“Both theoretically sophisticated and passionate, Temporary Monuments shows the power of art to imagine a truly decolonized American landscape, in which temporary ‘place holding’ replaces monumental takeovers. Zorach convincingly uncovers how complicity in American histories of oppression and racialized violence can hide behind love of nature, urban renewal and abstraction, but also how artistic interventions by Black and Indigenous practitioners dismantle long-held assumptions about the past, present, and future of what we call home.”
— Mechtild Widrich, author of "Performative Monuments and Monumental Cares"
“Zorach opens a Pandora's box of history, politics, public art, and activism with a highly original take on one of the most pressing issues of our time: the battle for public space and people's minds.

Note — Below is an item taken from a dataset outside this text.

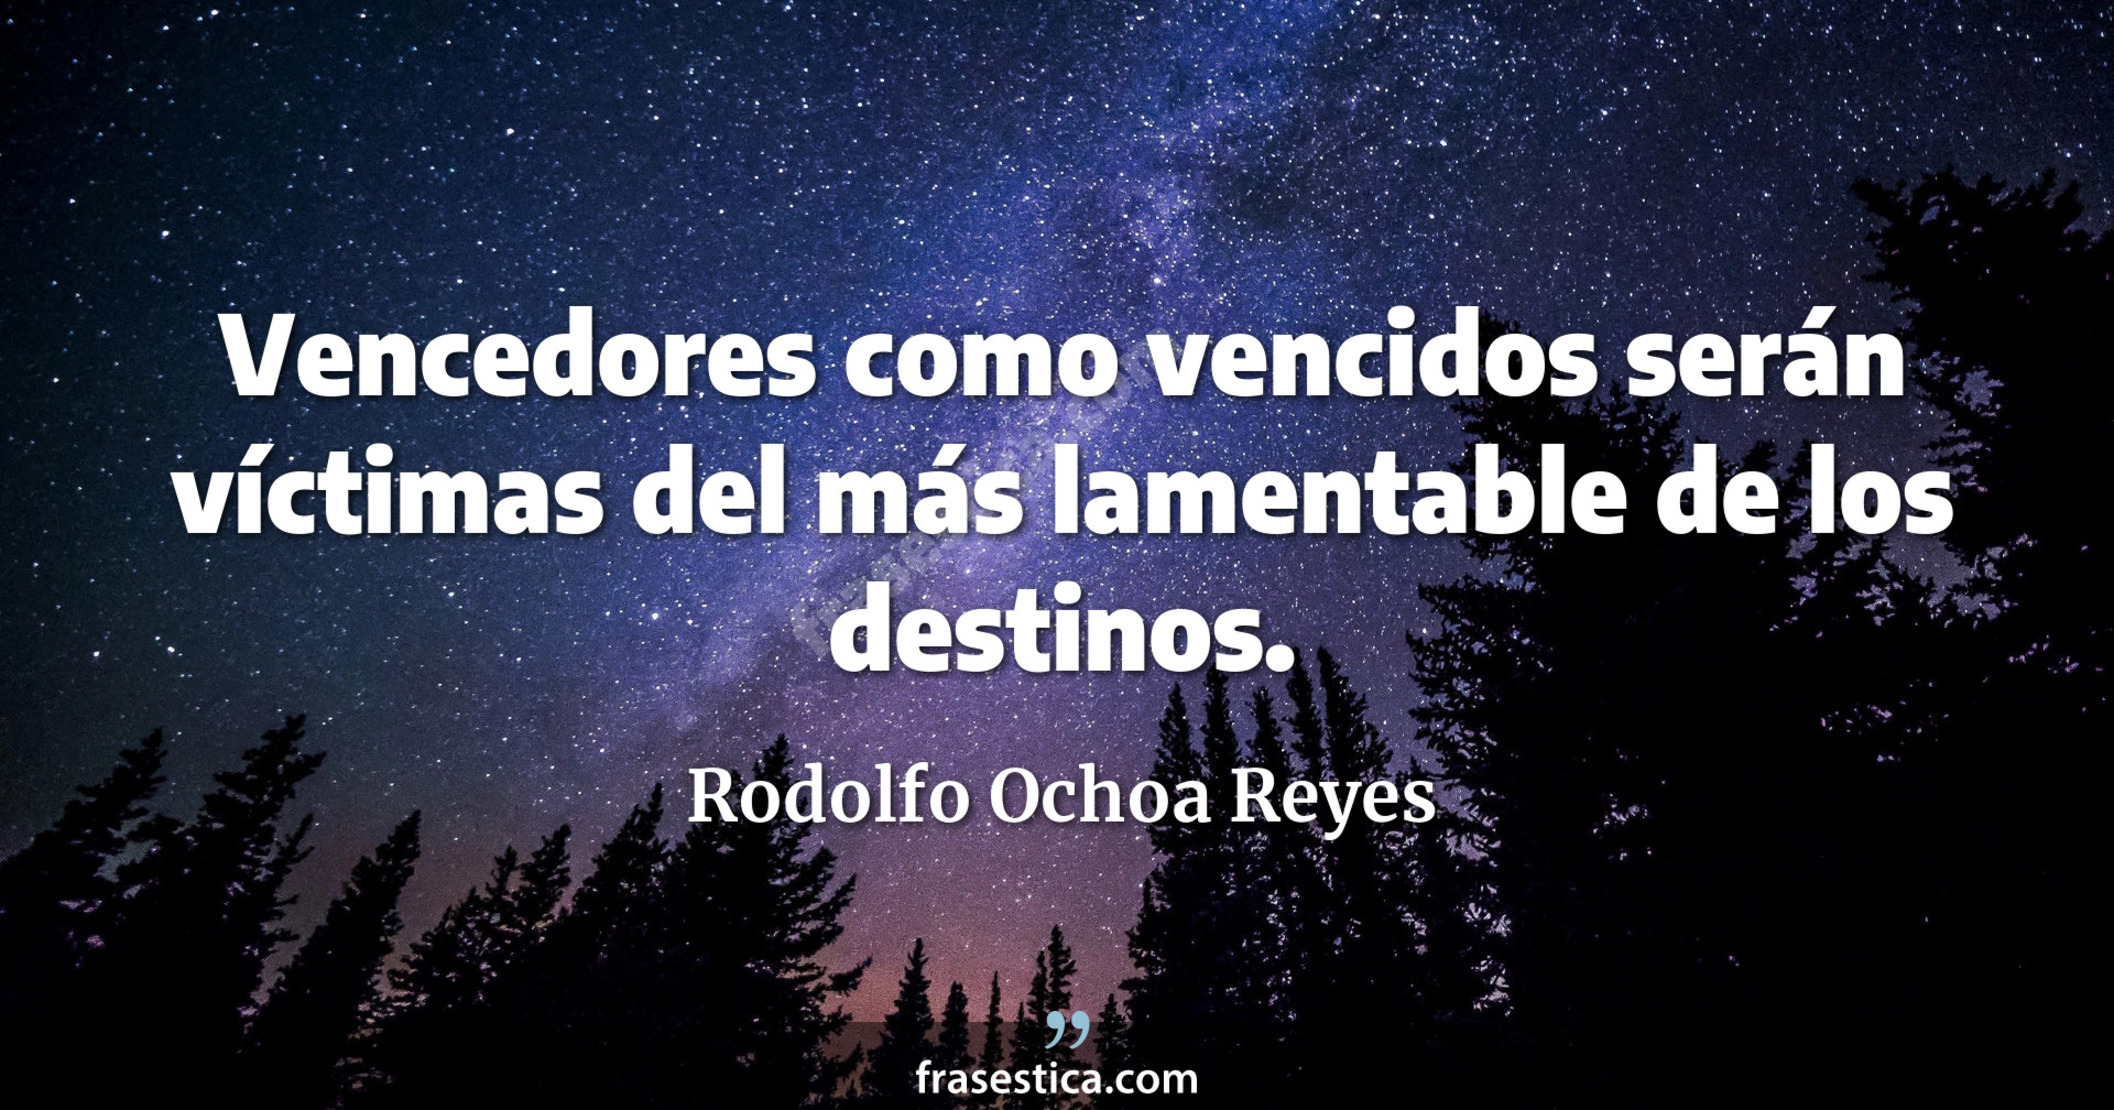 Vencedores como vencidos serán víctimas del más lamentable de los destinos. - Rodolfo Ochoa Reyes

The tale is ongoing and this wonderful book is a guide not only to the past and contentious present, but to the future.”
— Lucy R. Lippard, author of "Get the Message? A Decade of Art for Social Change"

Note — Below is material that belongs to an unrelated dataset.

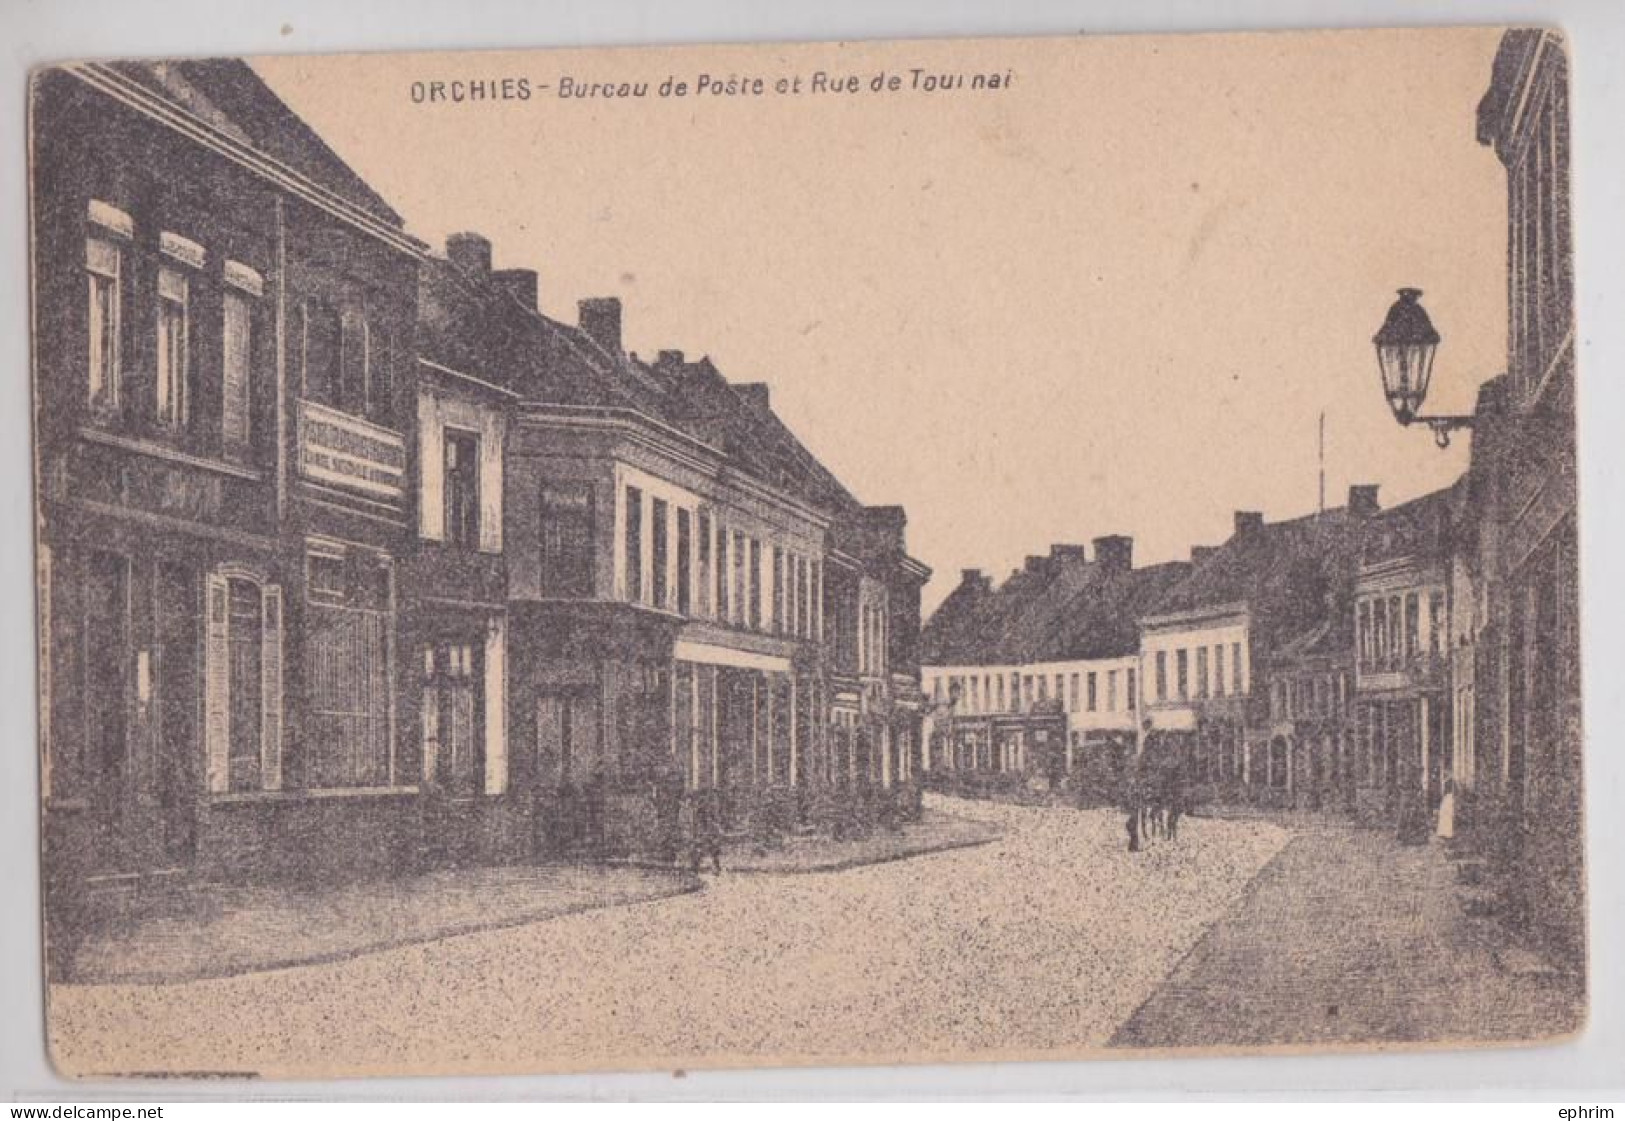 Orchies Nord Bureau De Poste Et Rue De Tournai - Orchies

“Temporary Monuments represents the best of art history and visual studies, urgent, ethical, poetic, and sweeping in its scope. My students ask often about ‘hope’—a naïve expectation that groups, governments, systems, will begin to see things in ways that honor the dignity of all people and places and act accordingly. I speak to them instead of ‘obligation’—obligation to witness, give testimony, to find ways to act, and to never betray themselves. Zorach underscores obligation as her motive and motivation on every page. Zorach’s contribution is a timely and compelling history of resistance and of placeholding as the will to imagine better for ourselves and for one another.”
— Kirsten Pai Buick, author of "Child of the Fire"
“Zorach takes on a number of compelling and important considerations and an impressively wide range of methodologies, theoretical framings, and case studies. Zorach pulls no punches in laying out her arguments, and necessarily so, given the breadth of her project and what’s at stake in the difficult subject of land and its links to White supremacy that she convincingly unpacks. I found myself highlighting sentence after sentence, often consecutively—proof, or evidence, of the compelling narrative Zorach offers her readers.”
— Eddie Chambers, David Bruton, Jr. Centennial Professor in Art History, University of Texas at Austin
"Zorach discusses why monuments matter in a historical context, exploring how statues and sculptures have become political flashpoints against the backdrop of key moments such as the founding of early US museums. The author also aims to show how contemporary artists—including Dawoud Bey, Theaster Gates, Kerry James Marshall and Cauleen Smith—focus on social justice and disrupt White supremacism."
— Art Newspaper "Book Bag" column
"Zorach has written a fascinating investigation of America’s public spaces and monuments, tracing how their 'permanent' nature 'can be altered, given new meaning and new context' as our social, or more specifically, racial, landscape changes. Zorach discusses how European ideas about the natural world, race, art (in particular, abstraction), and place instituted a kind of White supremacist materiality once thought to be indelible. In six rich chapters, she unpacks related ideas about the museum, the wilderness, islands, gardens, the home, and 'place holding' walls and borders, providing brilliant examples of what might be called monument mutability."